Sen canıma yarasın, tenime değil...
Yürekte taşınan sırta ağır mı gelir..?


* Üzülme der Mevlana ve devam eder; kızma hiç kimseye yaptıklarından dolayı; aksine teşekkür et, ihanet edenlere, sadakati öğrettikleri için... Minnet duy yalancılara, doğrunun farkına varmanı sağladıkları için... Mutsuz edenlere dua et, mutluluğu daha derin hissettirdikleri için... Herkesi sev, yaşamına bir anlam kattığı için... Hayat bu yüzden daha güzel; siyahlar, beyazı farkettirdiği için...

* Sen ol da;
İster "Yâr" ol,
İster "Yara";
Lütfun da Başım Üstüne,
Kahrın da.

* Suskunluğum asaletimdendir. Her lafa verilecek cevabım var. Ama bir lafa bakarım laf mı diye, bir de söyleyene bakarım adam mı diye...

*
Hamdım, piştim, yandım.

*
Cömertlikte ve yardım etmede akarsu gibi ol
Şefkat ve merhamette güneş gibi ol
Başkalarının kusurunu örtmede gece gibi ol
Hiddet ve asabiyette ölü gibi ol
Tevazu ve alçak gönüllülükte toprak gibi ol
Hoşgörürlülükte deniz gibi ol
Ya olduğun gibi görün;
Ya göründüğün gibi ol...

*
Ne kadar konuşursan konuş, söylediklerin karşındakinin anladığı kadardır.

*
Gel, gel, ne olursan ol yine gel...
İster kâfir, ister mecusi, ister puta tapan ol yine gel,
Bizim dergâhımız, ümitsizlik dergâhı değildir,
Yüz kere tövbeni bozmuş olsan da, yine gel...
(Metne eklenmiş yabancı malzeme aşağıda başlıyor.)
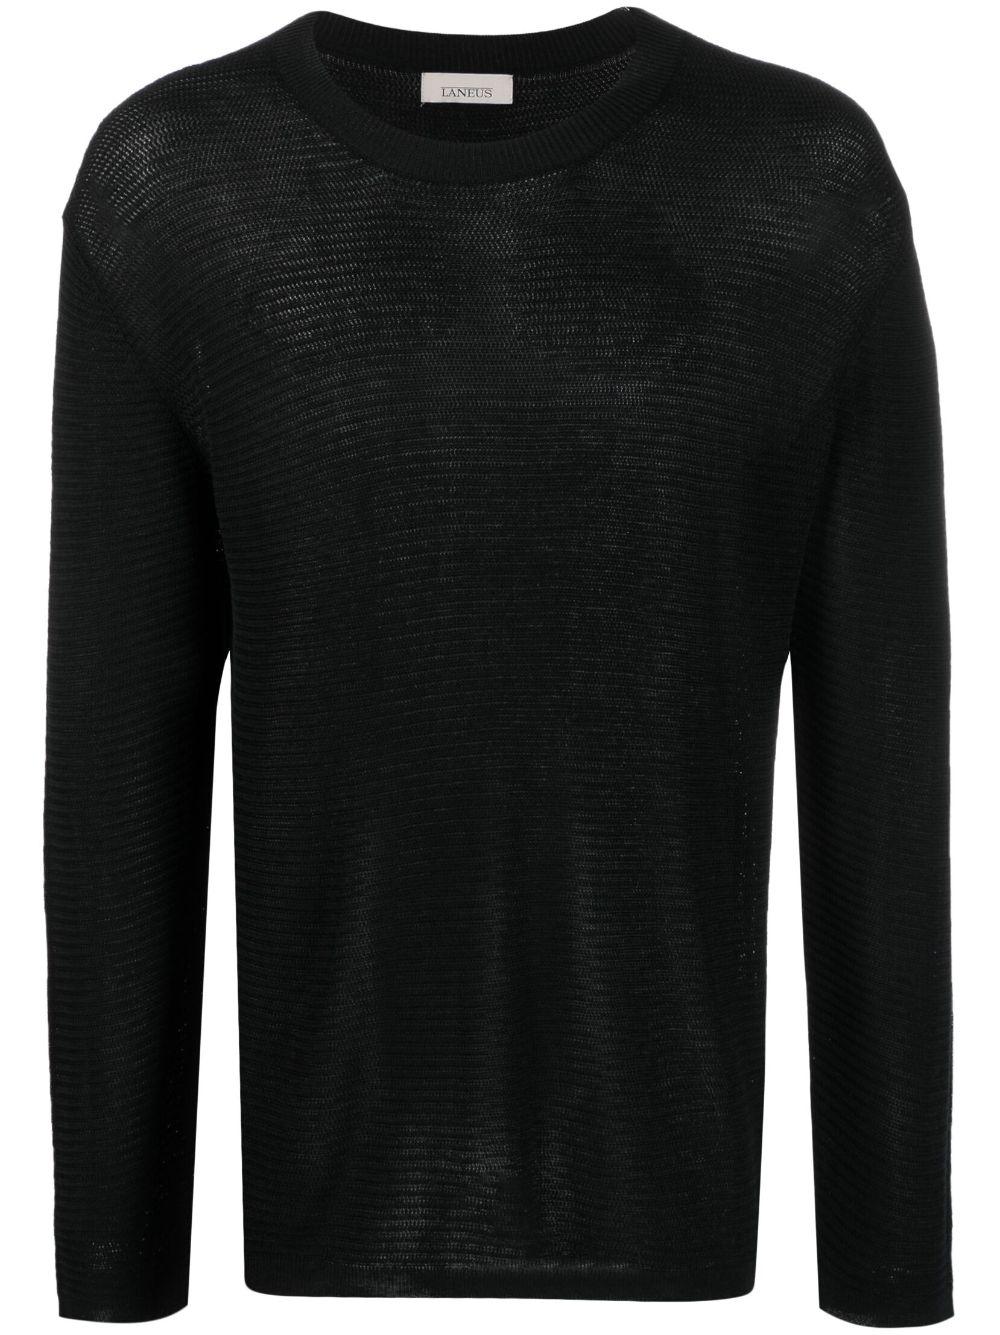 Laneus long-sleeve knit sweater - Black von Laneus

* Dediler ki: Gözden ırak olan gönülden de ırak olur. Dedim ki: Gönüle giren gözden ırak olsa ne olur.

* Duydum ki bizi bırakmaya azmediyorsun, etme.
Başka bir yar, başka bir dosta meylediyorsun, etme.

Sen yadeller dünyasında ne arıyorsun yabancı?
Hangi hasta gönüllüyü kastediyorsun, etme.

Çalma bizi, bizden bizi, gitme o ellere doğru.
Çalınmış başkalarına nazar ediyorsun, etme... (Kısaltılmıştır.)

*
Ben bir denizim demedim mi sana.
Sen bir balıksın demedim mi,
Demedim mi, o kuru yerlere gitme sakın.
Senin duru denizin benim demedim mi?

Kuşlar gibi tuzağa gitme demedim mi?
Demedim mi, senin uçmanı sağlayan benim,
Senin kolun kanadın benim, demedim mi?

Demedim mi, yolunu vururlar senin,
Demedim mi ,tövbeni bozarlar senin.

Oysa senin ateşin benim, sıcaklığın benim demedim mi?